Willow looks at me with concern. She even looks somewhat uncomfortable with the idea of this. “I won’t do it if you don’t want me to.”

“I’m fine with it.” I am fine with it. I’m fine with anything he thinks might help us out of this situation. And to be honest, I’ve been curious what it’s like. What Layla feels when it happens to her.

Willow stands up. “I won’t be inside Layla if I move into Leeds. We’ll need to tie her up again.”

There’s a nervous energy between us as we ascend the stairs to the bedroom, because we’re about to do something we’ve never done before.

Something we’ve never even thought to do.

Willow sits on the bed and looks up at me as I reach for the rope still tied around the bedpost. “Are you sure about this?”

“I have nothing to hide, Willow. It’s fine. It might even help.” I wrap the rope around her wrists and begin to tie them.

“How could it help?”

I shrug. “I don’t know. But he’s like you. He isn’t like me. He knows more than both of us put together, so we just have to trust him. It’s all we have left.”

She inhales, and when she exhales, she leaves Layla’s body.
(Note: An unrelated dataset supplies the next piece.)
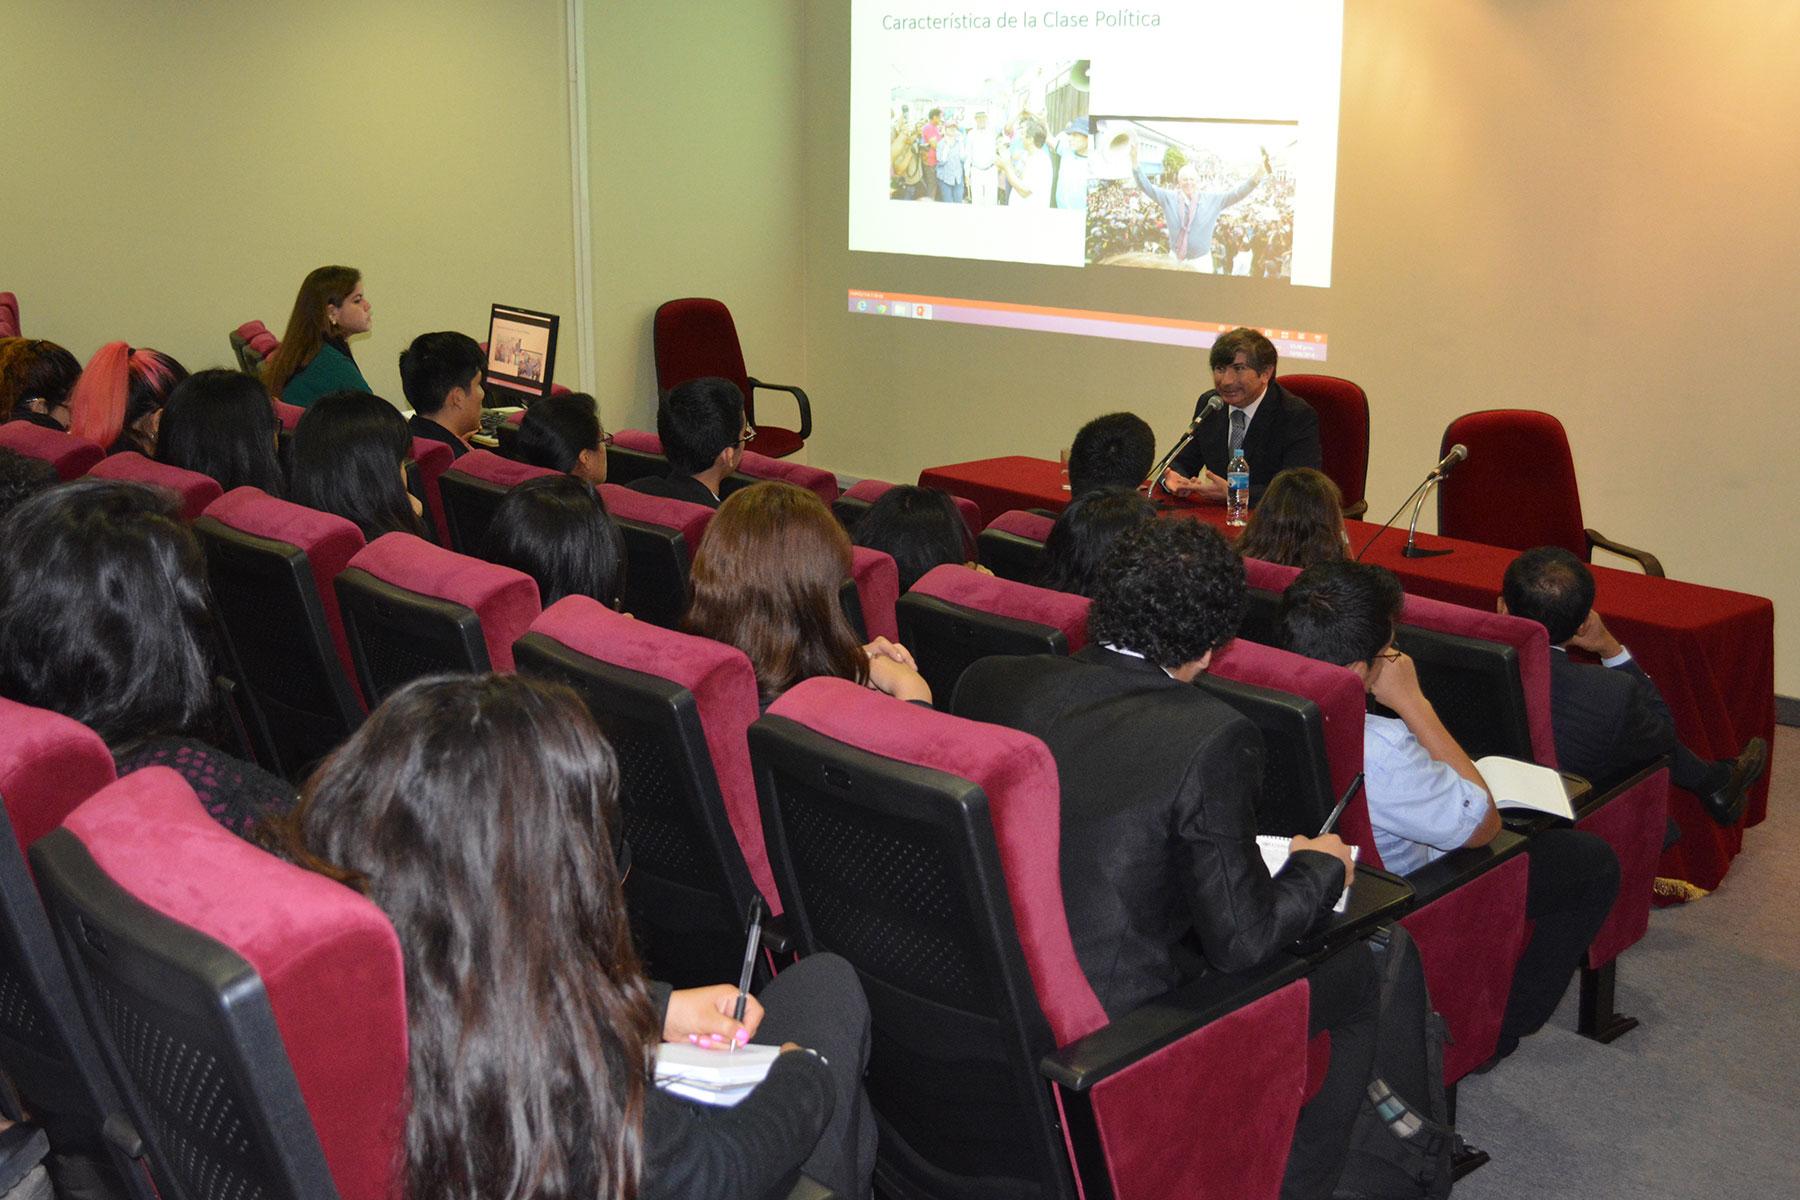 Pablo Muñoz Morales Realiza Ciclo De Conferencias En La FCCTP

Layla just slumps against the headboard. “Not again,” she says, her voice full of defeat. “Why is this happening?” The expression on her face is an agonizing one. I force myself to look away.
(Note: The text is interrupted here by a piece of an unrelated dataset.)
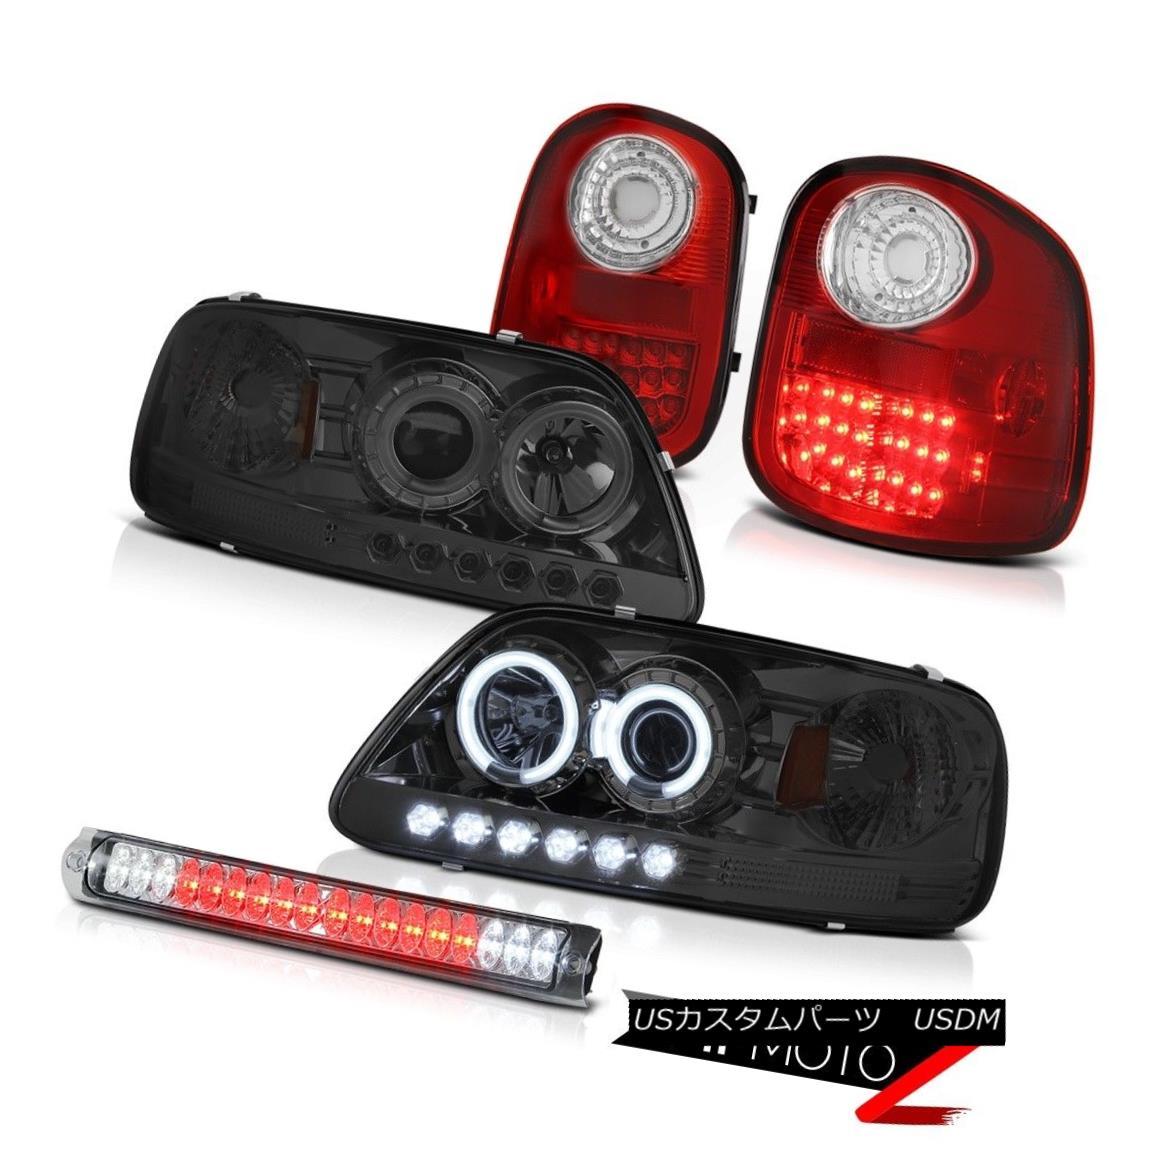 テールライト 97-03 F150 Flareside 4.2L CCFL Headlights Red Brake LED Tail Lights Chrome 3rd 97-03 F150フラレイド4.2L CCFLヘッドライトレッドブレーキLEDテールライトクローム3rd

“I don’t know,” I say quietly. “But I’m sorry it’s happening.” I walk to the door, and Layla is calling after me, but I can’t stay to listen to her pleas.

I lock the door behind me and head back downstairs.
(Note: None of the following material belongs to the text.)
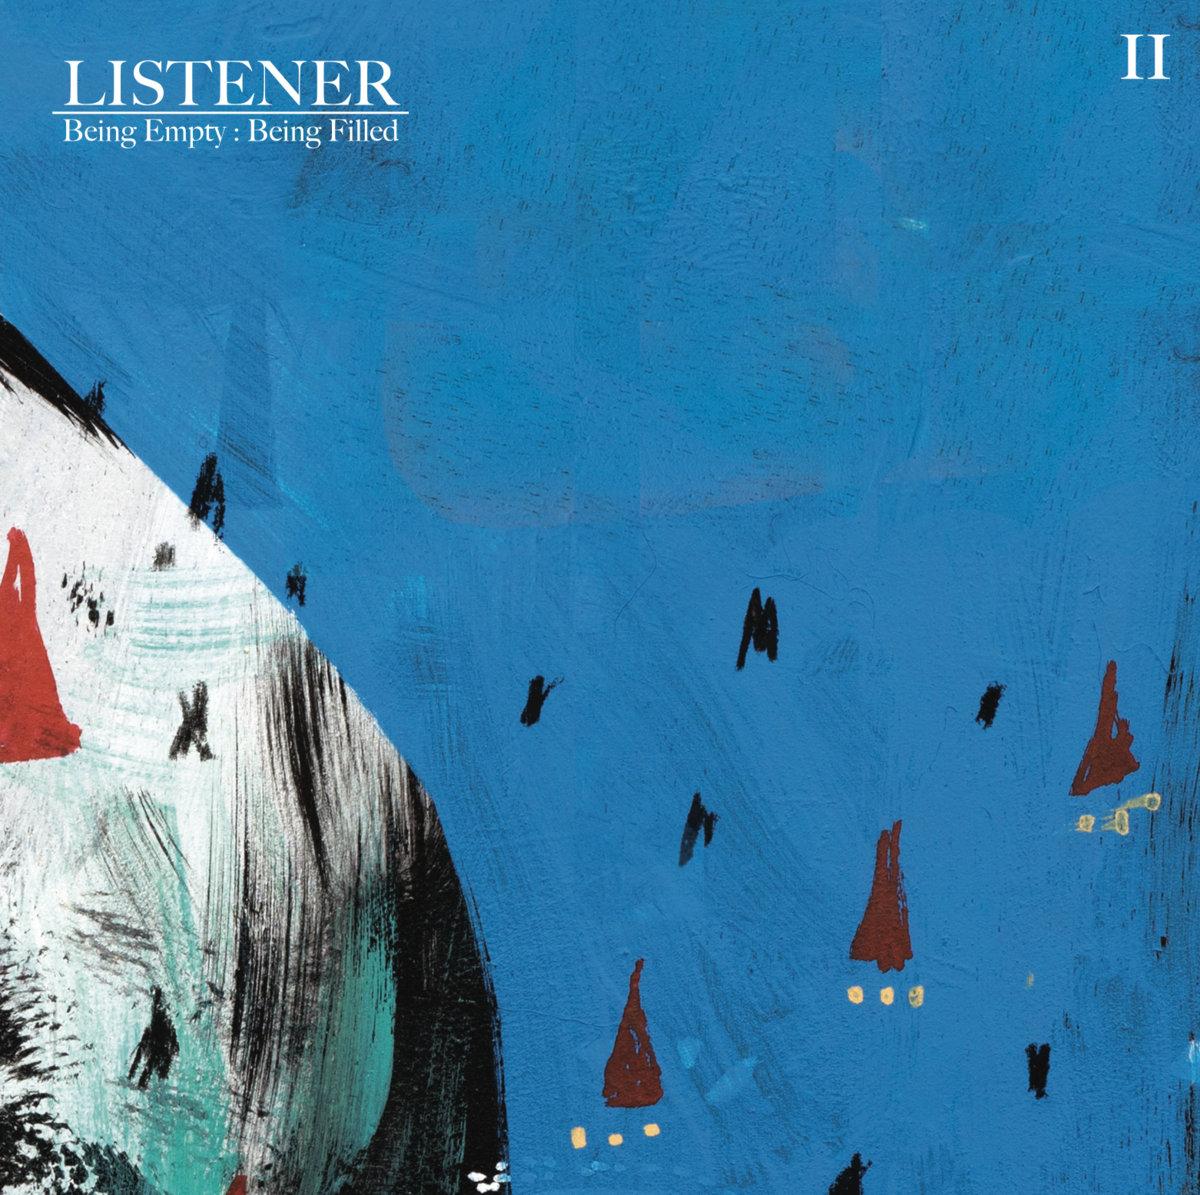 Listener - Being Empty : Being Filled Vol. II

“Where should I sit?” I ask the man.

He motions to the chair I’ve been sitting in this whole time. “Right there will be fine.” He reaches out his hand. “Give me your phone. I’ll record our interaction while she’s inside of you and play it back for you when it’s over.”

I slide my phone to him, and he props it up using his briefcase. He points the camera at me and presses record. I suck in a nervous rush of air.

I’m staring at the phone when I say, “I’m ready, Willow.”

I only feel it for a second.

A whoosh, like a rush of wind moving through my head. It’s as quick as the fluttering of an eyelid, but I know time has passed, because when I open my eyes, I’m still looking at my phone, but the minutes on the recording have changed. It went from just a few seconds to over three minutes. It’s like being under anesthesia for a surgery. You’re awake, and then you’re awake again, with no memory of the in-between.

“Did it already happen?” I ask, looking at the man.

He’s staring at me with narrowed eyes, as if he’s working through a difficult equation. He reaches over and hits stop on the cell phone recording.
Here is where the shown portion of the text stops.